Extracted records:

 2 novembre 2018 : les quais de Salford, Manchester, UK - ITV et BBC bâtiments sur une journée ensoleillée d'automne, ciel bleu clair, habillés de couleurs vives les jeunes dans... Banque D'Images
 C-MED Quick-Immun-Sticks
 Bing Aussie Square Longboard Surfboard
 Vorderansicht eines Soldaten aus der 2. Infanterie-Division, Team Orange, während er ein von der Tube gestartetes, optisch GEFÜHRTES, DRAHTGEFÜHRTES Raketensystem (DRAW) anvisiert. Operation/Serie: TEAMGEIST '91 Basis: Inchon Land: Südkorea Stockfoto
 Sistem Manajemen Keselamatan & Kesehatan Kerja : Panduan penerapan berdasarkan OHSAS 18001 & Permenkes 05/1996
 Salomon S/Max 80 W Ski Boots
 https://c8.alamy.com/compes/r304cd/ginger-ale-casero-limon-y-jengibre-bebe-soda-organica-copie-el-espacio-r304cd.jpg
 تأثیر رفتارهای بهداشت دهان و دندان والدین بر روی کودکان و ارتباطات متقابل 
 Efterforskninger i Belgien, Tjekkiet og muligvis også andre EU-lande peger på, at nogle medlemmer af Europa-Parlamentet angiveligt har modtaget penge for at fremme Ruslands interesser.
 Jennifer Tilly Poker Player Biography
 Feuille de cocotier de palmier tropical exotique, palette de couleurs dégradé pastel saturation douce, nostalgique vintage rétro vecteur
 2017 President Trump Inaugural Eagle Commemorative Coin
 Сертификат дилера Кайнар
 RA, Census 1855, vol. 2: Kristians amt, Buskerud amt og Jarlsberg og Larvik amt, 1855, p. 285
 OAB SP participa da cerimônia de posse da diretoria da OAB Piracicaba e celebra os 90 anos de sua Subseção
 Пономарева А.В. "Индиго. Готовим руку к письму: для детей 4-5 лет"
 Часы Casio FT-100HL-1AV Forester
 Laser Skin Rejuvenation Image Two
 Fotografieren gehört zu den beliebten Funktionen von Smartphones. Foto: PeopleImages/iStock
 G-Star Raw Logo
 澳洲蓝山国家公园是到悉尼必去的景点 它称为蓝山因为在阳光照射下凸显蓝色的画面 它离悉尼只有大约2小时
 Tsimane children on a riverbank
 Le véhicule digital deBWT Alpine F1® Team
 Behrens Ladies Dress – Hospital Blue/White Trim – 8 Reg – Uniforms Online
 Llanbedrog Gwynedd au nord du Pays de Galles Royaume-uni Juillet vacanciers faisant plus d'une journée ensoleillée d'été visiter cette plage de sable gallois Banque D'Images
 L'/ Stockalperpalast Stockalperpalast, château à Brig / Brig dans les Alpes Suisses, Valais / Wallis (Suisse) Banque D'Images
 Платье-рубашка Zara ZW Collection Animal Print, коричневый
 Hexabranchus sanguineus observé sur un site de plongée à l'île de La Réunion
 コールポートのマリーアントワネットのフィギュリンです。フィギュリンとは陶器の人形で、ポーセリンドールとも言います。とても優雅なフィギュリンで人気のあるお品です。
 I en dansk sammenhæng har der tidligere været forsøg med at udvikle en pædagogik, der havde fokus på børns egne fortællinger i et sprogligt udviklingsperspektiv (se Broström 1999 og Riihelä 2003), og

## WHAT YOU WILL DO:
The answer is the run of lines above from the line containing "RA, Census 1855, vol." through the line containing "L'/ Stockalperpalast Stockalperpalast, château", copied exactly and alone.

## THE ANSWER:
 RA, Census 1855, vol. 2: Kristians amt, Buskerud amt og Jarlsberg og Larvik amt, 1855, p. 285
 OAB SP participa da cerimônia de posse da diretoria da OAB Piracicaba e celebra os 90 anos de sua Subseção
 Пономарева А.В. "Индиго. Готовим руку к письму: для детей 4-5 лет"
 Часы Casio FT-100HL-1AV Forester
 Laser Skin Rejuvenation Image Two
 Fotografieren gehört zu den beliebten Funktionen von Smartphones. Foto: PeopleImages/iStock
 G-Star Raw Logo
 澳洲蓝山国家公园是到悉尼必去的景点 它称为蓝山因为在阳光照射下凸显蓝色的画面 它离悉尼只有大约2小时
 Tsimane children on a riverbank
 Le véhicule digital deBWT Alpine F1® Team
 Behrens Ladies Dress – Hospital Blue/White Trim – 8 Reg – Uniforms Online
 Llanbedrog Gwynedd au nord du Pays de Galles Royaume-uni Juillet vacanciers faisant plus d'une journée ensoleillée d'été visiter cette plage de sable gallois Banque D'Images
 L'/ Stockalperpalast Stockalperpalast, château à Brig / Brig dans les Alpes Suisses, Valais / Wallis (Suisse) Banque D'Images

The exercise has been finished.